— Action item —
From the line containing "Aubree Colourblock Jumpsuit Blush Black" down to the line containing "Etajera din pal", copy out the entries below exactly, both lines included, and nothing else; pictures do not belong in the copy.

— Records to process —
- - - - -

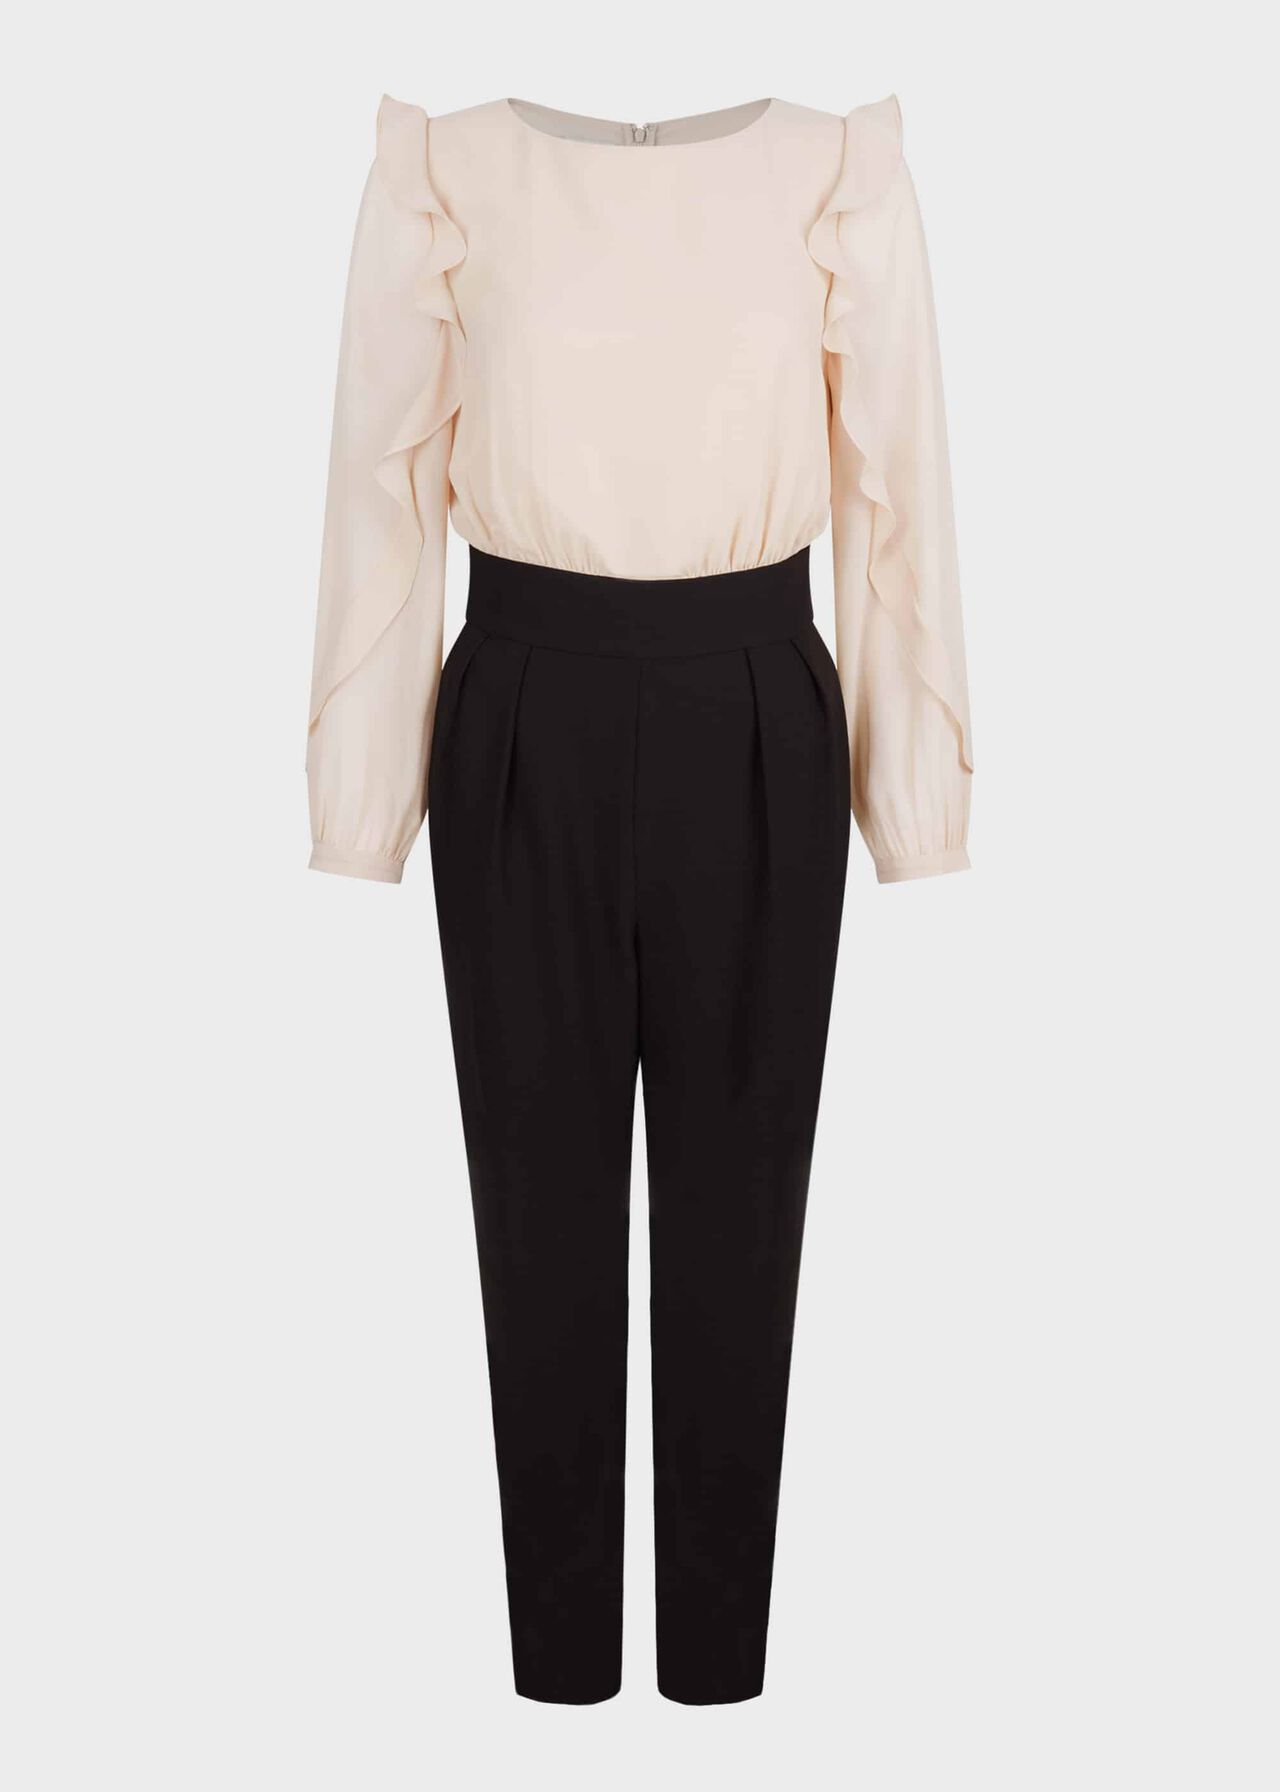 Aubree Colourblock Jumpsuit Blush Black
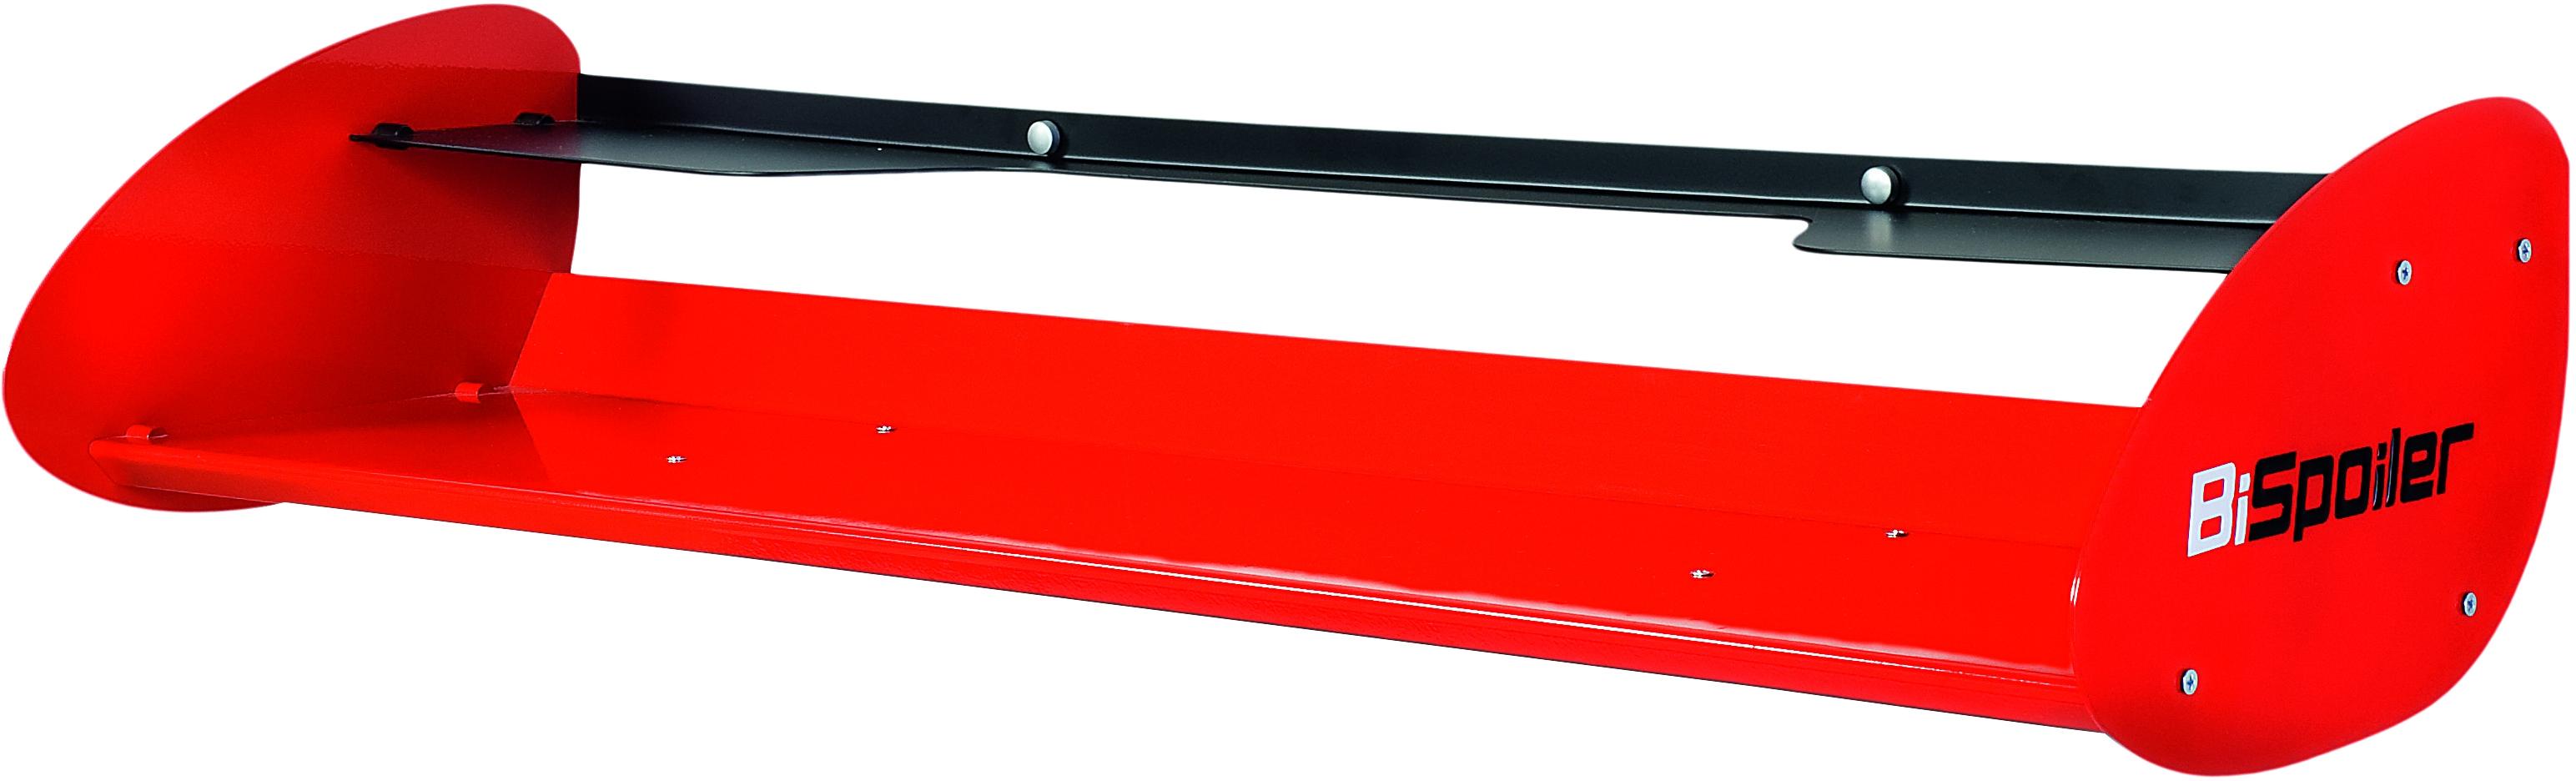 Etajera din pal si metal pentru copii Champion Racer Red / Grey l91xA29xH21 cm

- - - - -

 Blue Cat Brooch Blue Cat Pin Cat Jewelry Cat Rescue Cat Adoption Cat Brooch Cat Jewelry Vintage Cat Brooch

- - - - -

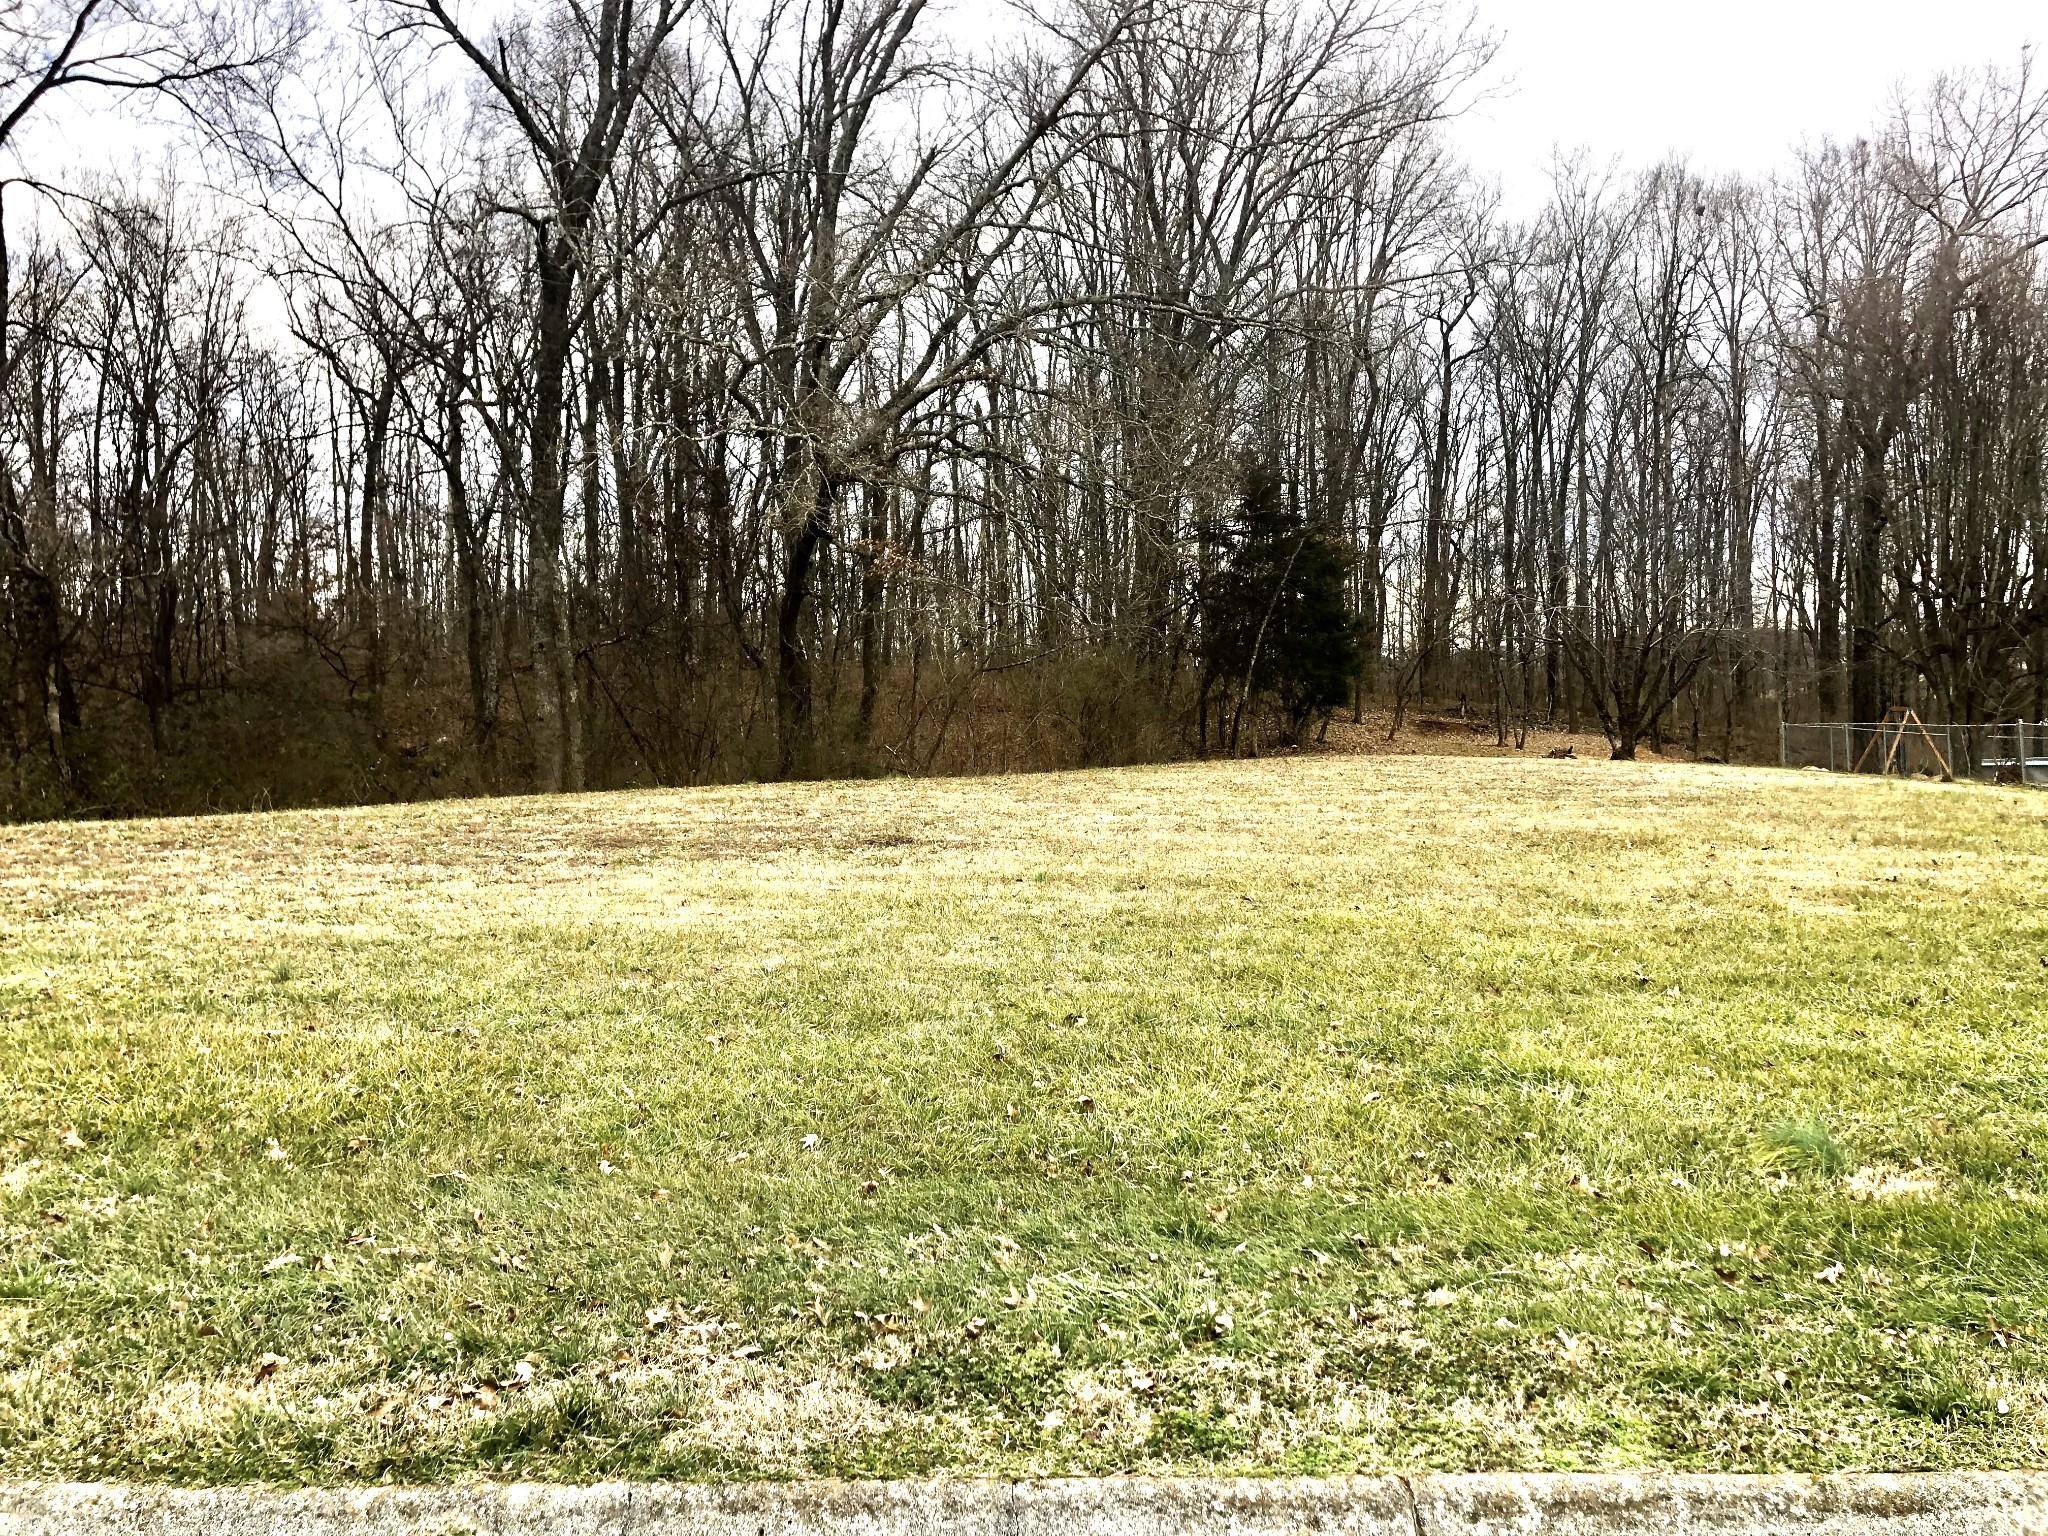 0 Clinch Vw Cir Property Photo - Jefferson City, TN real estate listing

- - - - -

— Response box —
 Aubree Colourblock Jumpsuit Blush Black
 Etajera din pal si metal pentru copii Champion Racer Red / Grey l91xA29xH21 cm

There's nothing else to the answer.